Table 2 Italian (IT) data

18F-FDG PET data from Italy

The IT dataset consisted of 18F-FDG PET scans from 44 healthy controls and 38 consecutive outpatients with “de-novo,” drug-naïve PD [27] (Table 2). 123I-FP-CIT Single Photon Emission Computed Tomography (DAT SPECT) was abnormal in all Italian PD patients. Disease-related patterns are typically determined on approximately 20 patients and 20 controls. Therefore, 20 controls and 20 patients were randomly selected from the IT dataset for PDRPIT derivation. The remaining 24 controls and 18 patients were used for validation.

18F-FDG PET data from Spain

18F-FDG PET scans from 49 PD patients and 19 controls from Spain (SP) were included from a previous study (Table 3) [28]. Patients in this cohort had long disease durations and were studied in the on state (i.e., antiparkinsonian medication was continued). From this dataset, 19 PD patients were randomly selected for PDRPSP identification. The remaining 30 patients were used for validation.

Table 3 Spanish (SP) data

Identification of PDRPNL, PDRPIT, and PDRPSP

All images were spatially normalized onto an 18F-FDG PET template in Montreal Neurological Institute brain space [29] using SPM12 software (Wellcome Department of Imaging Neuroscience, Institute of Neurology, London, UK).

Identification of the PDRPNL was described previously [24]. For identification of the PDRPIT and PDRPSP, we applied an automated algorithm written in-house, based on the SSM PCA method of Spetsieris and Eidelberg [10], implemented in MATLAB (version 2017b; MathWorks, Natick, MA). Images were masked to remove out-of-brain voxels, log-transformed, and subject and group means were removed. Principal component analysis (PCA) was applied to the residual profiles in voxel space, and the components explaining the top 50% of the total variance were selected for further analysis. For each subject, a score was calculated on each selected principal component (PC). These scores were entered into a forward stepwise logistic regression analysis. The components that could best discriminate between controls and patients [30] were linearly combined to form the PDRP. In this linear combination, each component was weighted by the coefficient resulting from the logistic regression model. All voxel weights in the PDRP were overlaid on a T1 MRI template in Montreal Neurological Institute (MNI) space for visualization. All voxels in the PDRP are used for subject score calculation.

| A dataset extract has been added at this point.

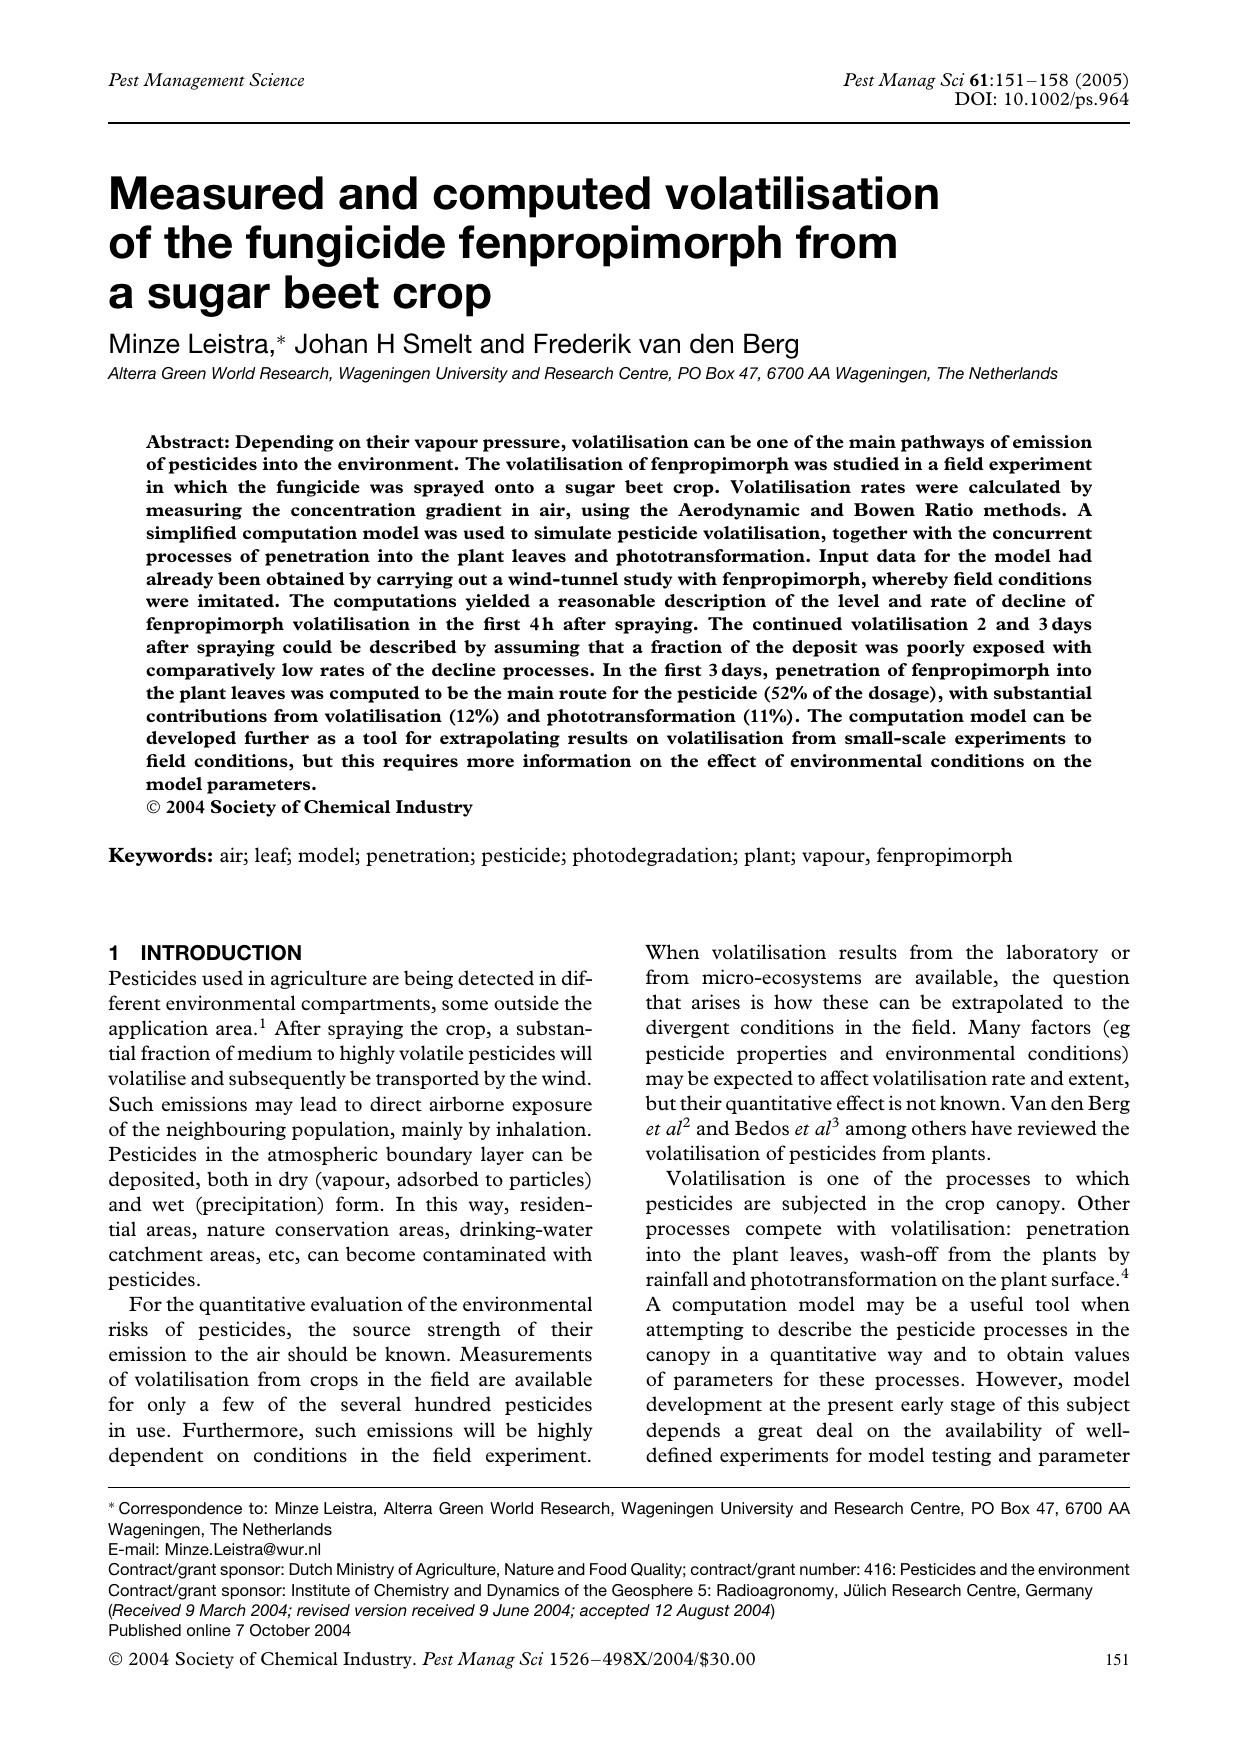 Measured and computed volatilisation of the fungicide fenpropimorph from a sugar beet crop by Unknown
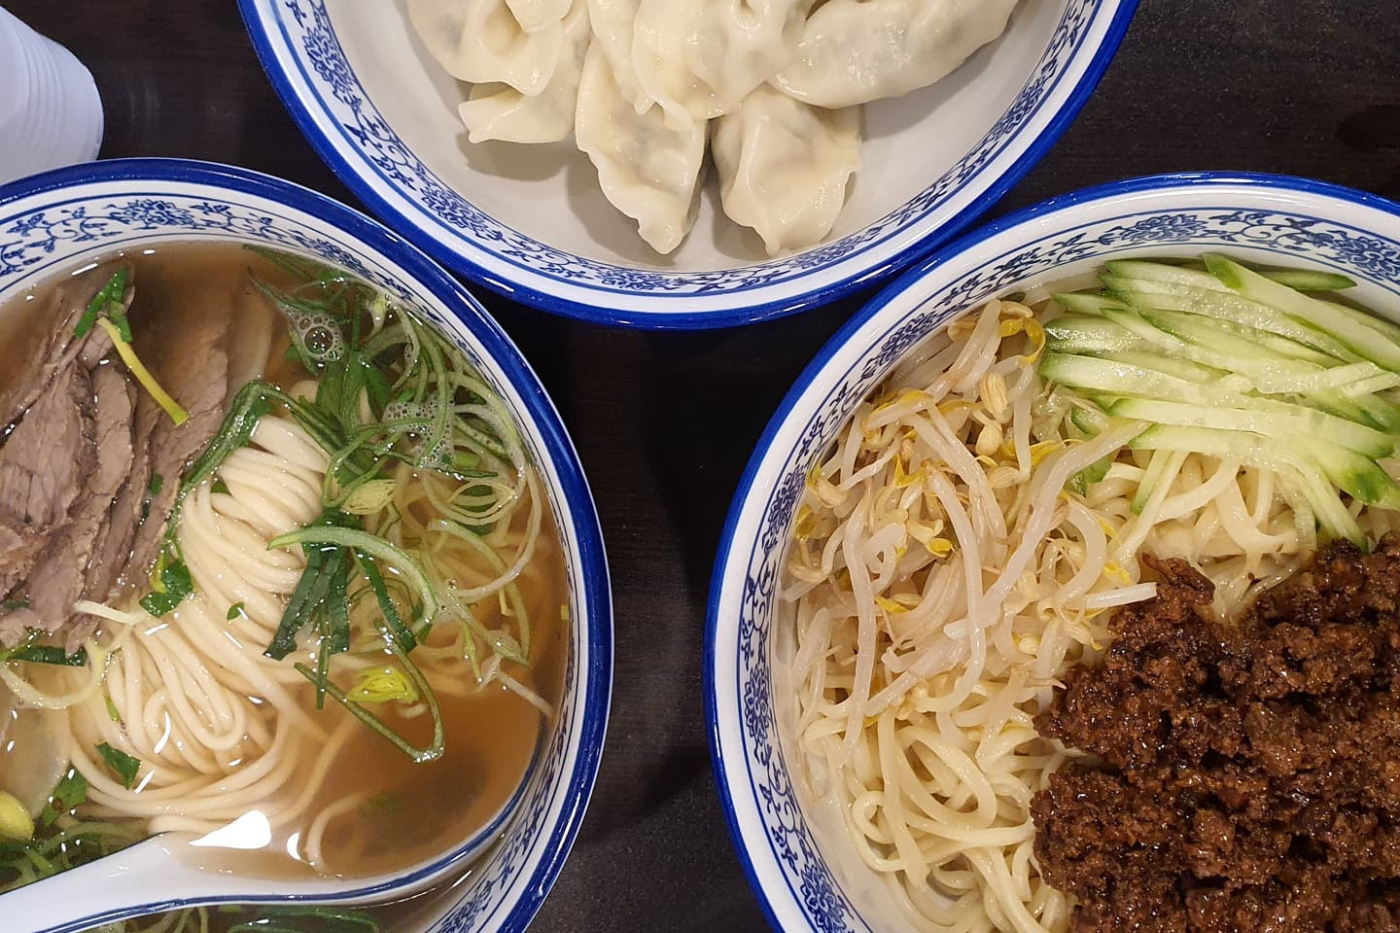 Two noodle dishes and dumplings

To investigate which regions in each PDRP were stable, a bootstrap resampling was performed within each derivation set (1000 repetitions) [31]. Voxels that survived a one-sided confidence interval (CI) threshold of 90% (percentile method) after bootstrapping were overlaid on a T1 MRI template. The stable regions in the three PDRPs were visually compared.

Validation of PDRPNL, PDRPIT, and PDRPSP

For validation, subject scores for PDRPNL, PDRPIT, and PDRPSP were calculated in patients and controls from the same population. First, images were log-transformed and the subject mean and group mean (originating from the PDRP identification cohort) were removed, resulting in a residual profile for each subject. The subject score is calculated by projecting the subject residual profile on the pattern. To account for differences in data-acquisition, subject scores were always z-transformed to the subject scores of healthy controls that were scanned on the same camera, with identical reconstruction algorithms. If subject scores in validation PD subjects were significantly higher compared with subject scores in controls, the pattern was considered valid.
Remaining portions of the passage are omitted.